Cu@Ti₃AlC₂ powder was prepared via copper plating on the surface of Ti₃AlC₂ particles using chemical plating, and Cu-based composites were prepared by vacuum hot-press sintering after mixing with Cu powder. The Cu@Ti₃AlC₂ powders were analyzed and characterized by SEM, TEM, and XRD after the copper plating treatment. The particle size of the powders was about 10~30 μm, and the presence of Cu was successfully detected on the surface of Ti₃AlC₂; no other impurities were found.
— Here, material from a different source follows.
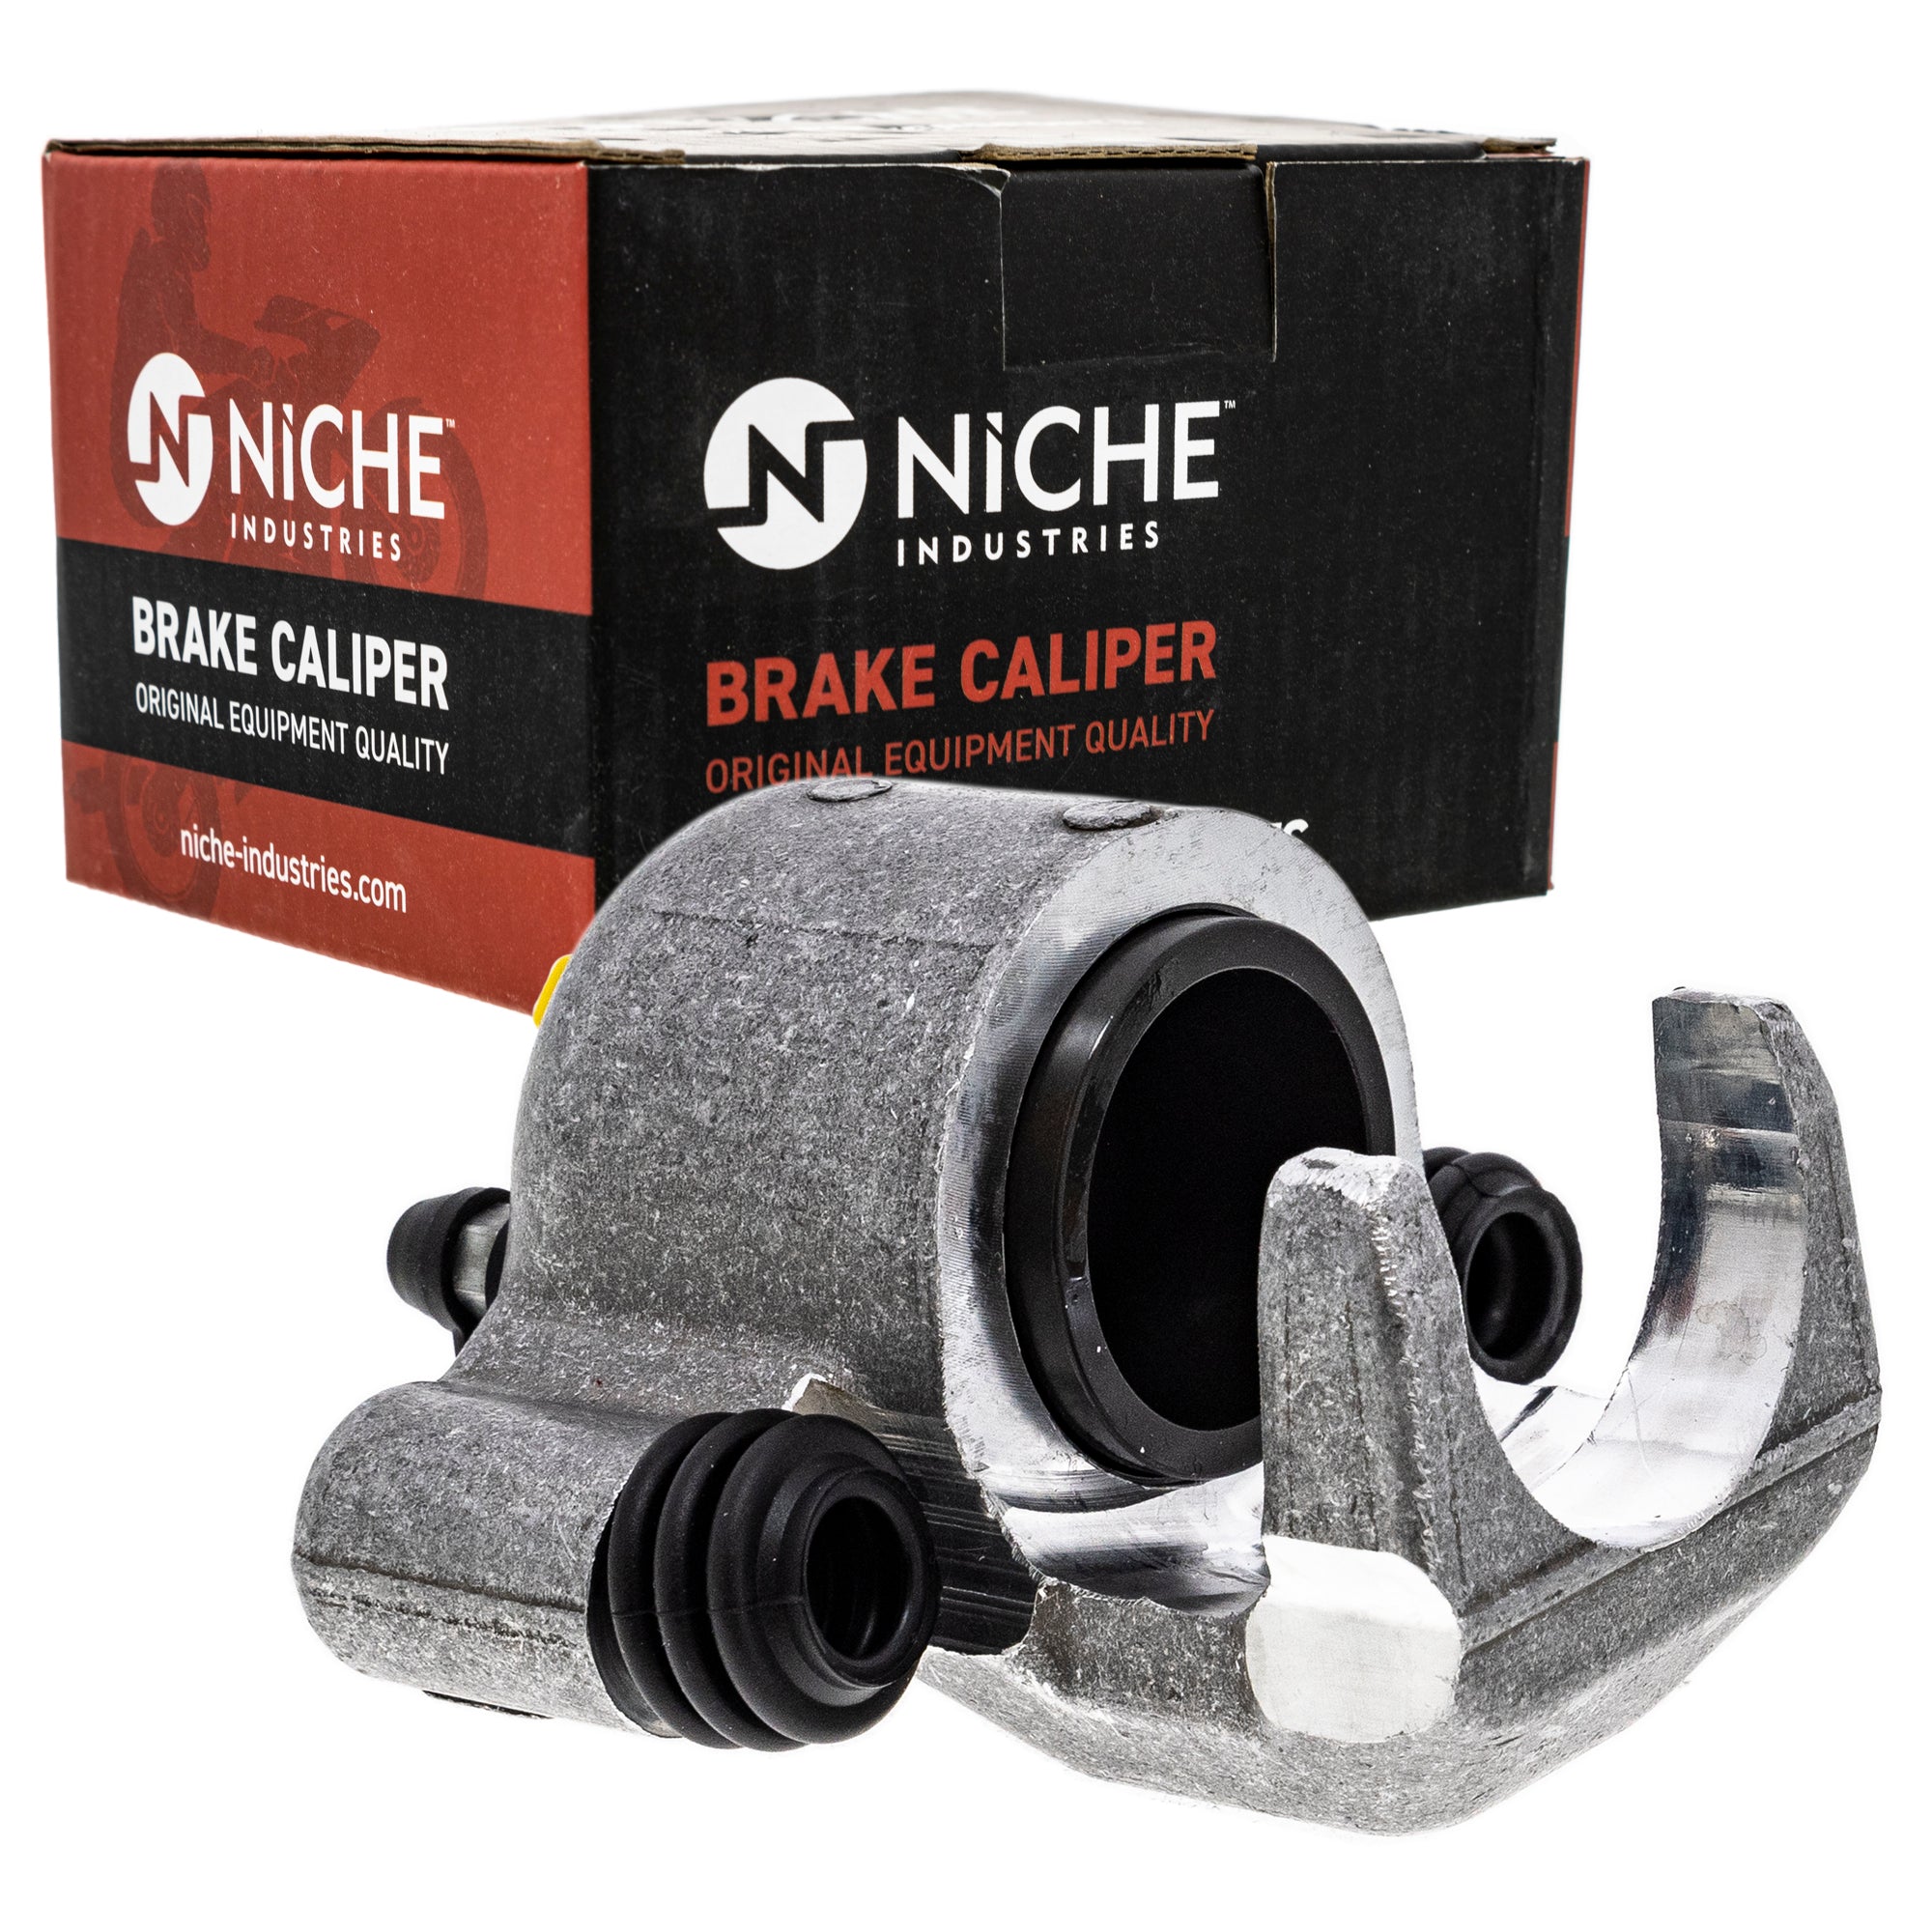 NICHE MK1001006 Brake Caliper Kit

Compared with ordinary Ti₃AlC₂/Cu composites, the Cu@Ti₃AlC₂/Cu composites have higher densities and interfacial bonding strengths and avoid direct contact with Ti₃AlC₂, which reduces the probability of agglomeration phenomena to a certain extent and leads to a more homogeneous dispersion of the reinforcing phase. The maximum compressive strength reached 705 MPa, which was 8.29% higher than that of the Ti₃AlC₂/Cu composites, and the compressive strain reached 37.6%, which was 12.24% higher than that of the Ti₃AlC₂/Cu composites.